# Tips on replacing the rubber body mount bushings in a 65 GTO HT



## gkraushaar (Oct 4, 2020)

3/18/22
I know generally how to do it, but maybe some of you can alert me as to the bad things that can happen when the bolts don't come out as planned. I might not be 100% accurate as to how things are put together to get old ones out.
I've heard the rubber bushings give the best ride and will last 30 years or so in storage vs poly .
This car is clean and in good shape, stored the last 16 years. The bushings not disintegrating, just pounded down a bit.

First, disconnect the steering linkage? Disconnect the clutch linkage? Anything else?

If the bolt breaks off behind the front wheel, do I have to cut an opening in the inner fender to get to the cage bolt on top and then hold it?

Any other bolts that break off I'll have to cut out and peel back a piece of the flooring, hold the top nut. Weld it back in .......Right?

I understand the one above the rear axle always needs the flooring sheet metal to be opened up with an angle grinder to get to it?
If the cage busts off, then its taking the seats out, pull the carpeting back & cutting a section out of the flooring to hold the nut?

In order to help get the side bolts out, is it a good idea to drill a 1/4" hole in the floor pan, by the bolt and spray it down with PB Blaster and hope it gets into the threads?

Anything else one should know?
Thanks very much for your advice. Greg


----------



## O52 (Jan 27, 2019)

You just about have it covered but...

#1 Take your time and work SLOWLY. 
#2 DO NOT use an impact or air wrench. 1/2" ratchet. Work the bolt out by loosening then tightening, then loosening. 
#3 Try prelubing the threads you can see with any type of rust buster.

Do one side at a time and use a 2 x 4 between the floor jack and rockers once the bolts are out.

My bushings were in fair condition for a 52 year old car. The bolts came out easily but I was blessed with a car that stayed in California's dry climate.


----------



## Baaad65 (Aug 29, 2019)

gkraushaar said:


> 3/18/22
> I know generally how to do it, but maybe some of you can alert me as to the bad things that can happen when the bolts don't come out as planned. I might not be 100% accurate as to how things are put together to get old ones out.
> I've heard the rubber bushings give the best ride and will last 30 years or so in storage vs poly .
> This car is clean and in good shape, stored the last 16 years. The bushings not disintegrating, just pounded down a bit.
> ...


Yes to all, and make sure you're wearing your patience pants 😉 I did my '65 with polygraphite bushings from PST, they're in between rubber and graphite, good luck.


----------



## gkraushaar (Oct 4, 2020)

Yes, I will ....thanks


----------



## gkraushaar (Oct 4, 2020)

O52 said:


> You just about have it covered but...
> 
> #1 Take your time and work SLOWLY.
> #2 DO NOT use an impact or air wrench. 1/2" ratchet.

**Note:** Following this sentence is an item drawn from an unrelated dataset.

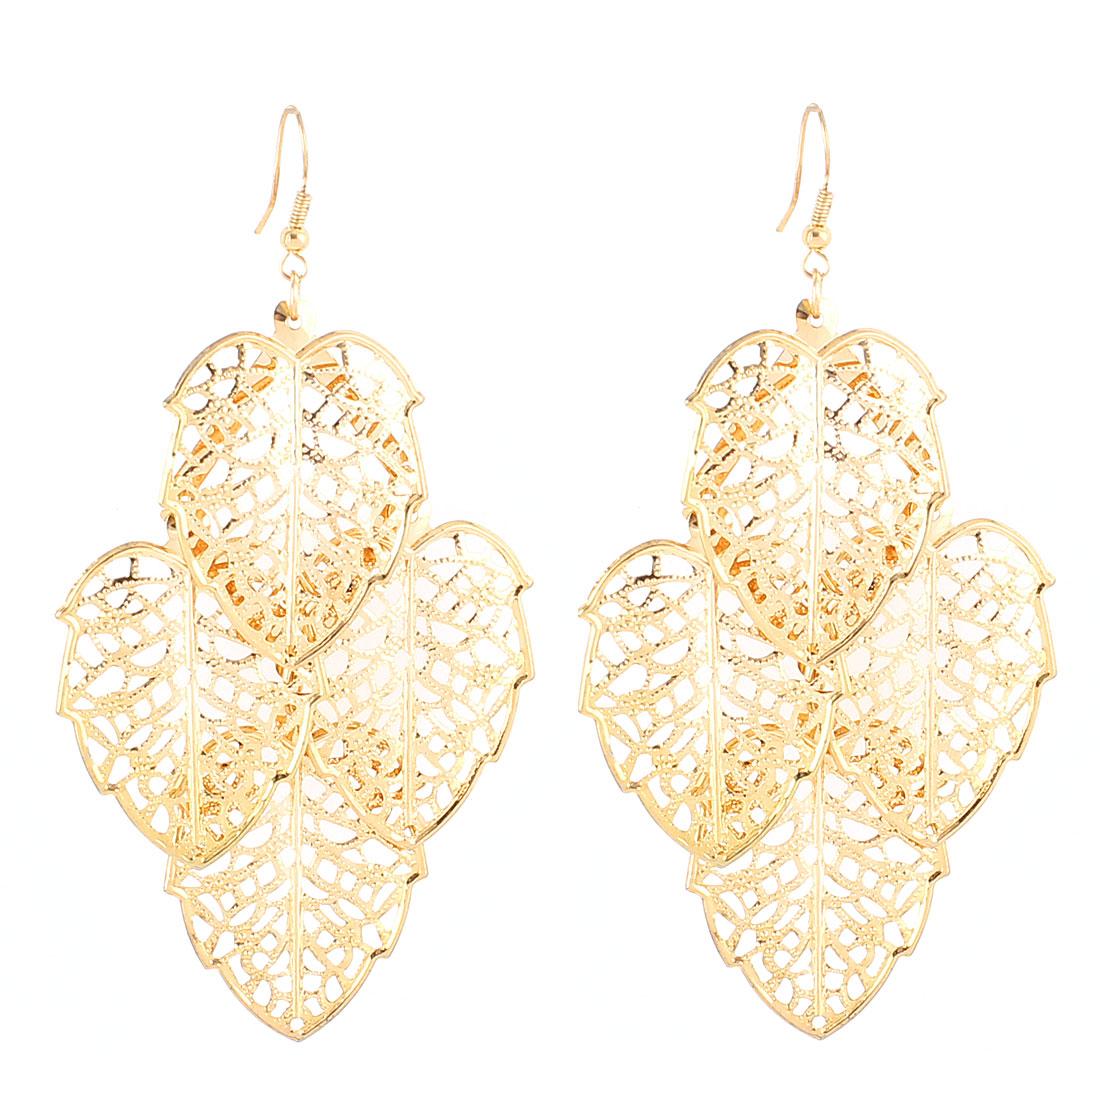 Leaf Shaped Pendant Hook Dangle Eardrop Earrings Pair Gold Tone for Lady

Work the bolt out by loosening then tightening, then loosening.
> ...


Wish me luck..thanks


----------



## Baaad65 (Aug 29, 2019)

I would send you pictures of mine but don't want to scare you 😉....tell us when you're done and I'll show you mine.


----------



## GTOJUNIOR (Aug 7, 2011)

In reference to possibly having to cut the floor, This is for the worst-case scenario 
.


----------



## gkraushaar (Oct 4, 2020)

GTOJUNIOR said:


> In reference to possibly having to cut the floor, This is for the worst-case scenario
> 3/22/22
> .Thanks for the picture, as its just what I was thinking. Lets hope that's not the case.
> I worry about the 2 behind the front wheels because i'd have to take of the fender well to get to them.
> ...


----------



## Baaad65 (Aug 29, 2019)

I just cut a flap then welded it back up, a little filler and you don't even see it, don't forget the core support bushings either


----------